At the same time, the countries it was competing against were extremely supportive of the sector – sometimes as much as three times more. This meant that new black farmers missed out on the opportunity to catch up with farmers who had been supported previously. Beyond that, there was the problem of land reform which needed to be addressed without putting the spirit of reconciliation as well as productivity at risk.
South Africa has limited agricultural potential and produces at a relatively high cost to attain the same unit of output as most countries in the world. It is classified as a semi-arid area, meaning its rainfall is low and erratic. The country has an average annual rainfall of less than 500 mm compared to the global average of 860 mm. Only 12% of its 1,2 million square kilometres is suitable for agricultural use.
Political imperatives
Although the agricultural sector had to provide food, the new democratic government also needed it to address political challenges related to rural development, social and political issues. The focus at the time was on transforming the sector to achieve these political goals rather than to prepare for global competition.

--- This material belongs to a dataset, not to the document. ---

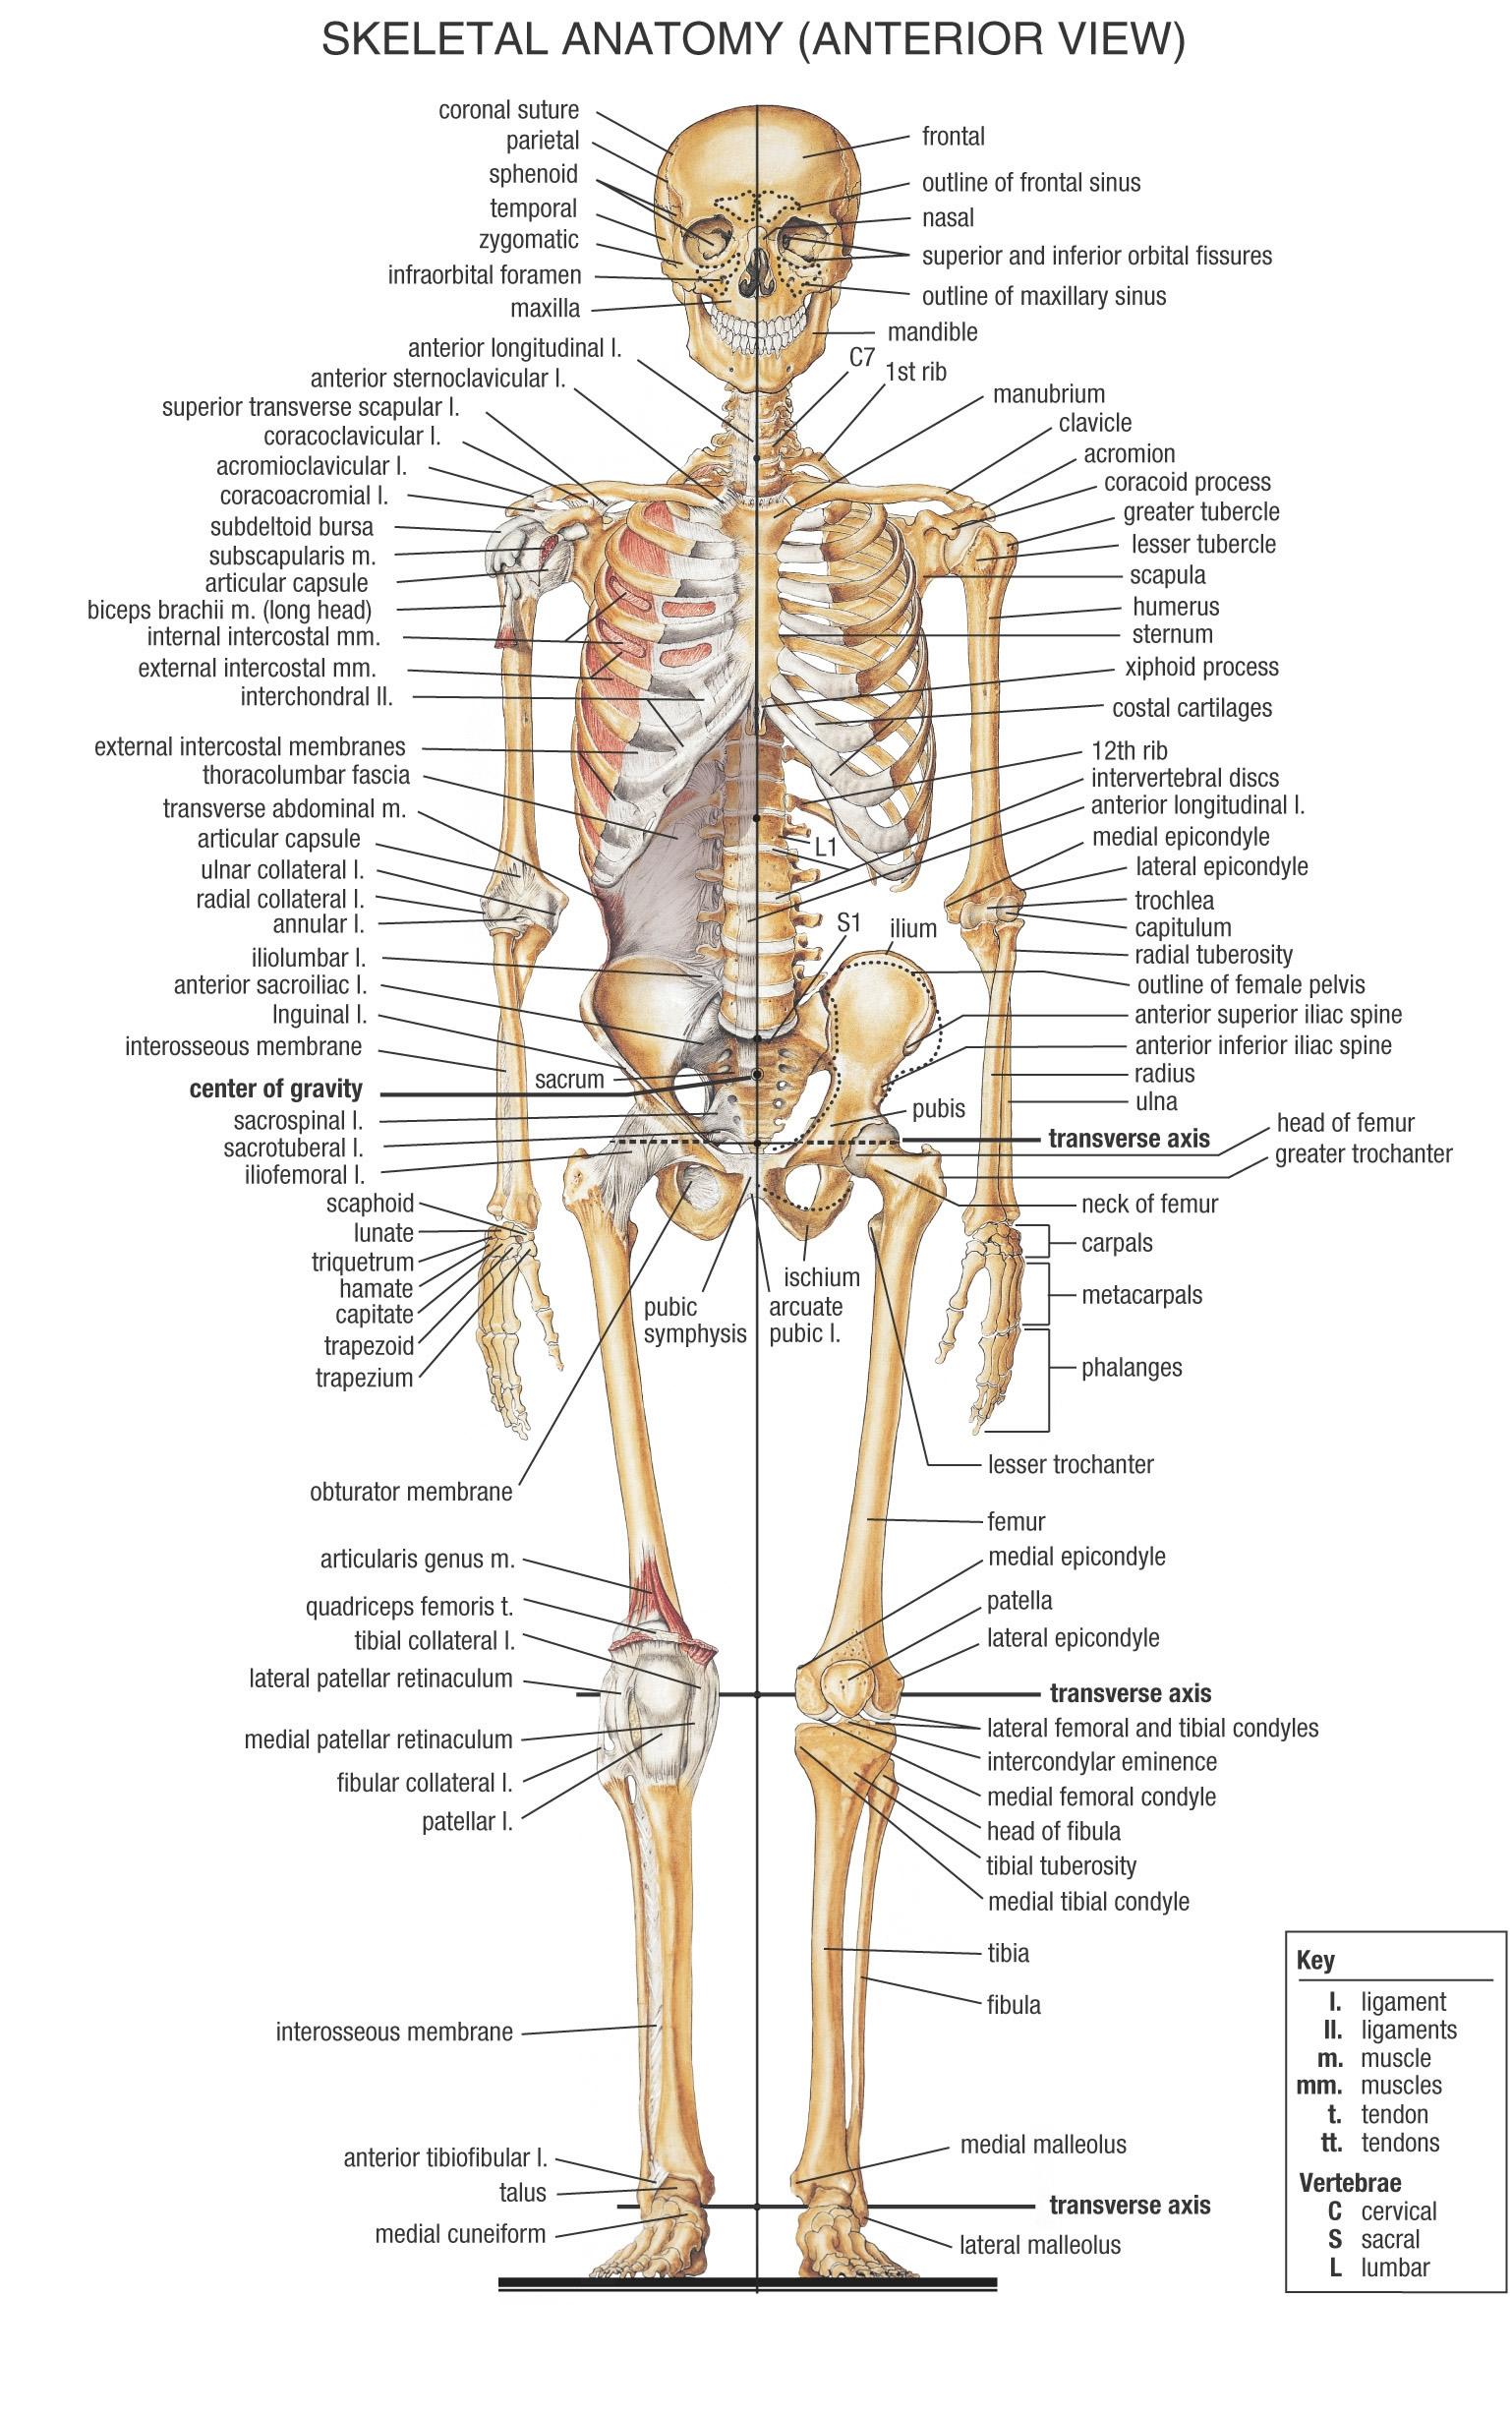 دانلود فیلم های آناتومی - جلسه 11 و استخوانهای توراکس

Looking at land ownership, this is understandable. More than 80% of agricultural land was owned by white commercial farmers, yet the white population constituted about 13% of the country. Addressing the unequal and racially skewed land distribution would also contribute to overcoming the socioeconomic challenges the country faced. These included unemployment, income inequality, food insecurity, poverty and malnutrition.
Possibly the biggest of them all is unemployment, which has remained at more than 20% in this 20-year period. The majority of the unemployed is unskilled or have low skills and are affected by low and poor levels of education. The agricultural and mining sectors absorb the majority.

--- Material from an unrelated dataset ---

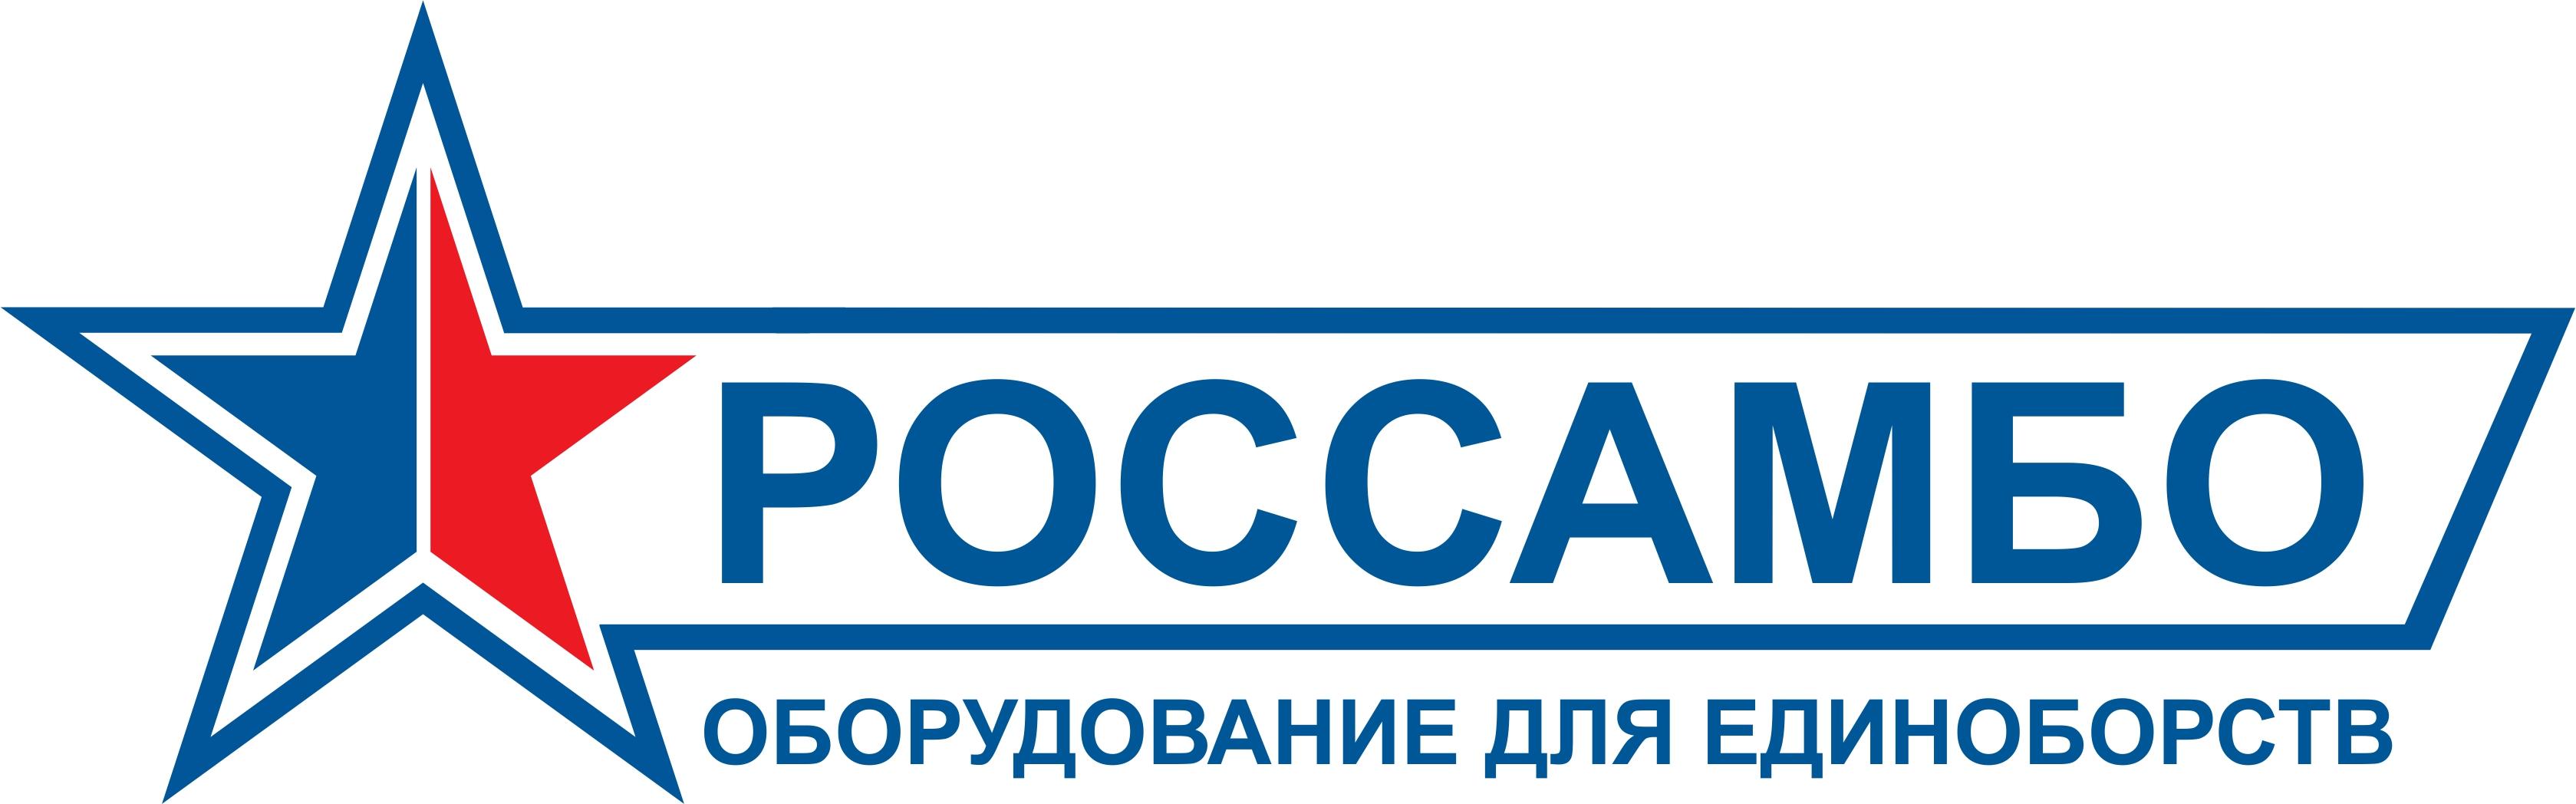 ООО «РУССАМБО»

Employment in the sector has declined substantially over time. In the 1970s agriculture used to employ over 2 million people on farms alone, or about a quarter of the employed. By 2014, fewer than 700 000 were employed on farms, less than 5% of the employed.
Tracing the problem
Within a year of the democratic government coming into power, it had to accede to the World Trade Organisation (WTO). This meant that South Africa entered into an agreement that exposed its economy to global competition and had to play by global rules, both at home and internationally.
Other agreements were signed with the European Union (EU) and southern African countries. Some are still being negotiated.

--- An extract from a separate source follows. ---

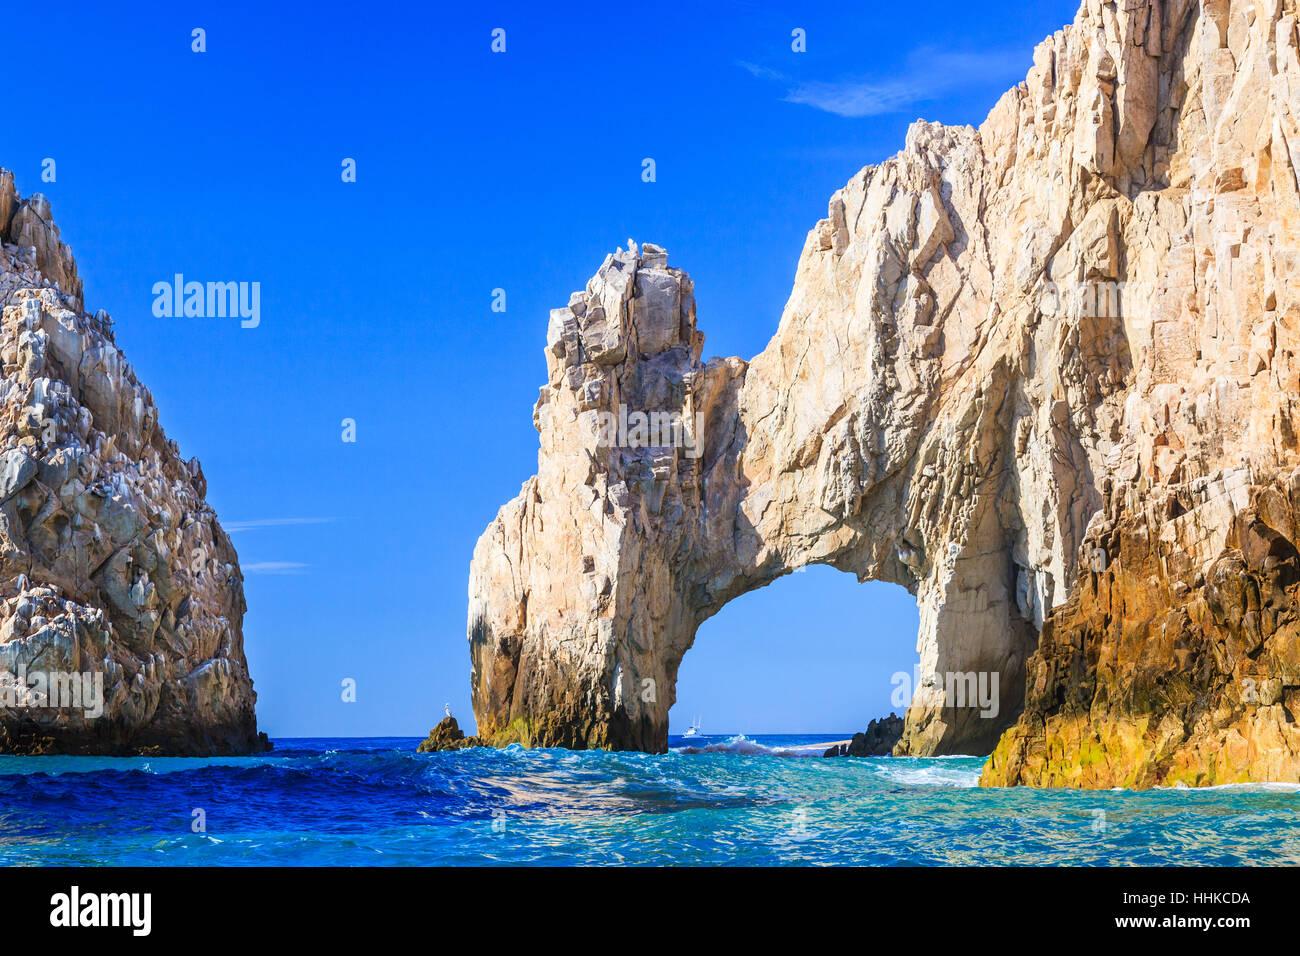 Cabo San Lucas, Los Arcos. Mexican riviera, Mexico. - Stock Image

The direction taken by the new government was contrary to the stance adopted by the apartheid government which protected and supported white South African businesses. The agricultural sector was a beneficiary through various forms of support. This included direct subsidies or through institutions such as commodity boards. The boards were responsible for regulating and supporting commodities through price setting, inputs, throughput and final products.
But the support was a burden to the national fiscus. To reduce costs the new government got rid of the boards. The government would not have managed to finance 60 000 white commercial farmers only – there were an estimated 3 million smallholder farmers who did not receive support from the pre-democratic government. To balance the scales, it was more convenient to remove most of the support than to expand it.
The consequences
Two decisions – accession to the WTO and deregulation – put the sector in a very difficult position. In terms of job creation, the sector has performed poorly. In addition, its contribution to gross domestic product (GDP) has shrunk to less than 3% of GDP from 4,6% in 1994.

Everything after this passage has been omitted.